Thread: Various optimization questions

  1. #31
    and the hat of int overfl Salem's Avatar
    Join Date
    Aug 2001
    Location
    The edge of the known universe
    Posts
    39,660
    Perhaps start with a simplified version which actually works everywhere, rather than a buggy one which only works in one place by accident.
    If you dance barefoot on the broken glass of undefined behaviour, you've got to expect the occasional cut.
    If at first you don't succeed, try writing your phone number on the exam paper.

  2. #32
    The larch
    Join Date
    May 2006
    Posts
    3,573
    I get a warning that square might be used uninitialized and that seems to be the problem indeed.

    However, it seems strange that you are outputting while the timing. Printing to console is a rather slow and it would make more sense to time how long it takes to generate primes up to [various sizes] and only then may-be validate that they are actually right, for example against a known list.
    Last edited by anon; 07-31-2007 at 03:18 PM.
    I might be wrong.

    Thank you, anon. You sure know how to recognize different types of trees from quite a long way away.
    Quoted more than 1000 times (I hope).

  3. #33
    </3 Segfaults
    Join Date
    Jul 2007
    Posts
    27
    Quote Originally Posted by anon View Post
    I get a warning that square might be used uninitialized and that seems to be the problem indeed.
    Yes it is.

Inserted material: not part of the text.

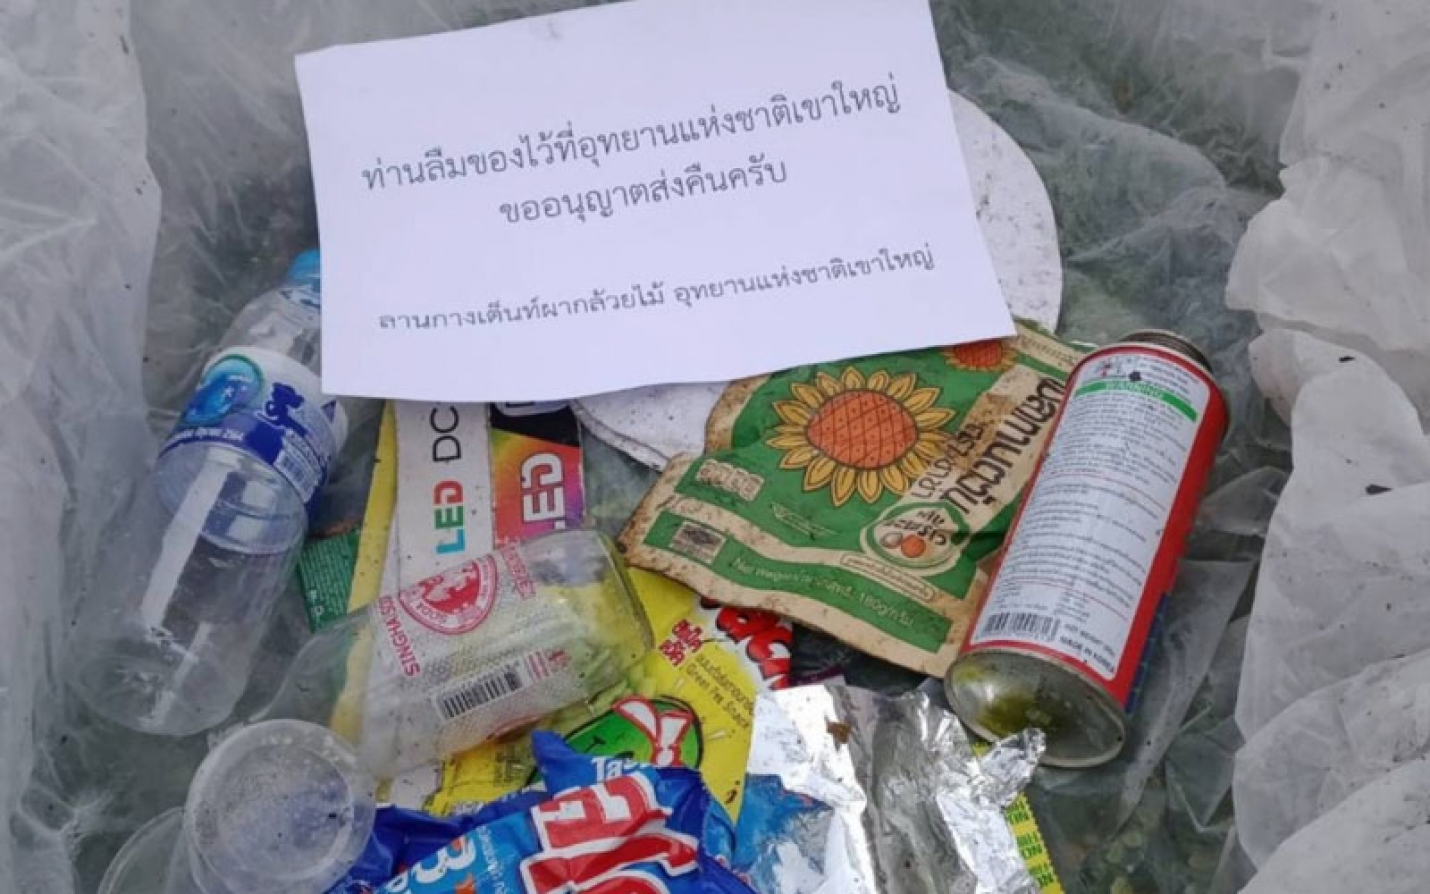 La Thaïlande renvoie à des touristes un colis rempli de déchets laissés dans un parc national

I didn't notice that when I updated my code. Thanks for the heads-up.

  4. #34
    </3 Segfaults
    Join Date
    Jul 2007
    Posts
    27
    It turns out that the code of actually determining the primes is virtually instant. It's the displaying that's the problem. =(

    Is there a way I could multi-thread this?

  5. #35
    and the hat of int overfl Salem's Avatar
    Join Date
    Aug 2001
    Location
    The edge of the known universe
    Posts
    39,660
    Writing the results to a file will be much quicker than writing to cout.
    Also, post your latest bug-fixed code.
    If you dance barefoot on the broken glass of undefined behaviour, you've got to expect the occasional cut.
    If at first you don't succeed, try writing your phone number on the exam paper.

  6. #36
    </3 Segfaults
    Join Date
    Jul 2007
    Posts
    27
    Quote Originally Posted by Salem View Post
    Writing the results to a file will be much quicker than writing to cout.
    Also, post your latest bug-fixed code.
    It's at page 2. I'm not quite sure if we're allowed to write it to file; let me check.
    Last edited by Differ; 07-31-2007 at 04:21 PM. Reason: gramur nazee

  7. #37
    Kernel hacker
    Join Date
    Jul 2007
    Location
    Farncombe, Surrey, England
    Posts
    15,677
    Writing to console is faster if:
    1. You write many numbers to one line (so not a newline for every number, perhpaps you can make nice 16-space columns -> 5 numbers per row). Better yet, check out how many digits you need, add a space or two per line and print more lines for the few short ones, then longer lines as needed. Try to break lines between numbers, rather than in the middle of the number, tho'.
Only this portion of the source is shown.